How to know if You’re the Difficult One
How do we know if we have a difficult personality, or we just think we do? First, let’s be clear-- everyone has flaws and there is no perfect personality. But if you have a pattern of difficult personality traits, it will usually show up in your relationships. Here are a few ways to tell.
You are the Center of the Drama
Do you you always seem to be at the center of drama and spend a great deal of your time and energy brooding about it? Maybe you always find yourself in conflict with someone at the office, and nearly everyone including your most easy-going colleague has lashed out at you. Perhaps even family or true friends have called you out on your behaviors. Or, they always have to phrase statements a “certain” way for you to understand them, and walk on eggshells around you. If any of these sound familiar, then you may be struggling with difficult personality traits.

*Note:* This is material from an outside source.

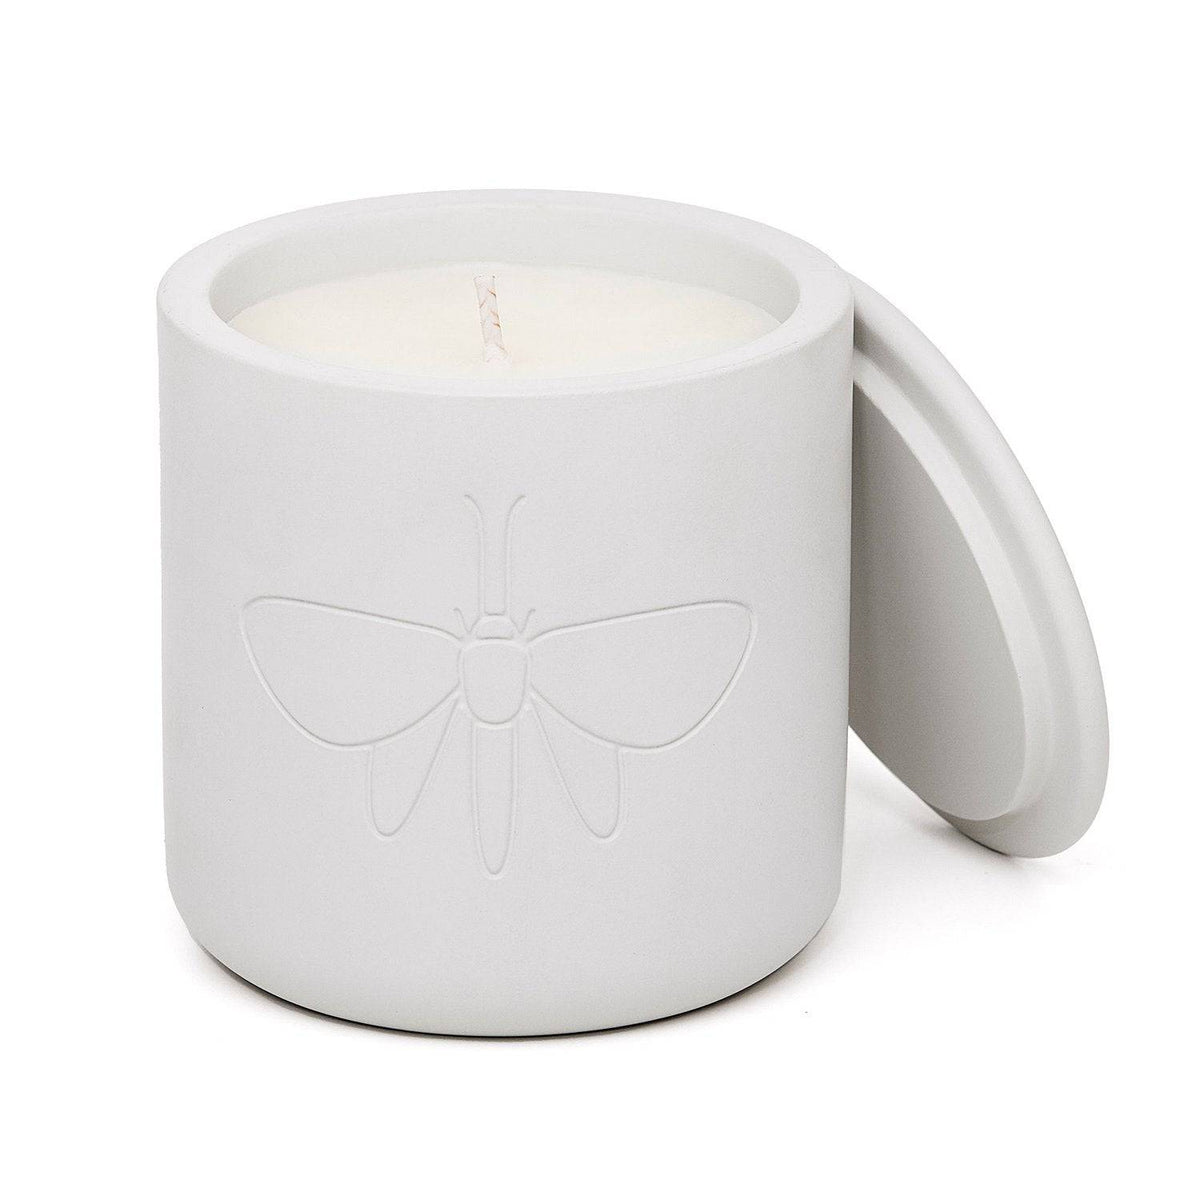 Cypress Drift Modern Citronella Candle - The Preppy Bunny

Your Relationships Never Go As Planned
If you are struggling with difficult personality traits, it’s probably costing you your relationships. Maybe you have conflicting ideals (e.g., you want people to like you but you also want to be in control), have a rigid way of perceiving situations, and/or have a low tolerance for anyone who does not see things the way you do. While you may have family that will always love you or you’re lucky enough to have some true friends that have stuck around, you likely have a much more difficult time maintaining positive family relationships, friendships, and/or romantic relationships than you would otherwise.
It’s Never You
Perhaps you may feel that others, not you, are the problem. Some with problematic personality traits, including those with traits severe enough to qualify as personality disorder, rarely ever question their behaviors or consider that they may be at fault during a conflict. This can cause quite a few problems, if not for them, then everyone else-- and they probably don’t read articles like this with themselves in mind. On the other hand, you may have come a long darn way in trying to improve yourself and your relationships, which by the way is highly commendable. But you still genuinely struggle with seeing or understanding situations from another’s perspective.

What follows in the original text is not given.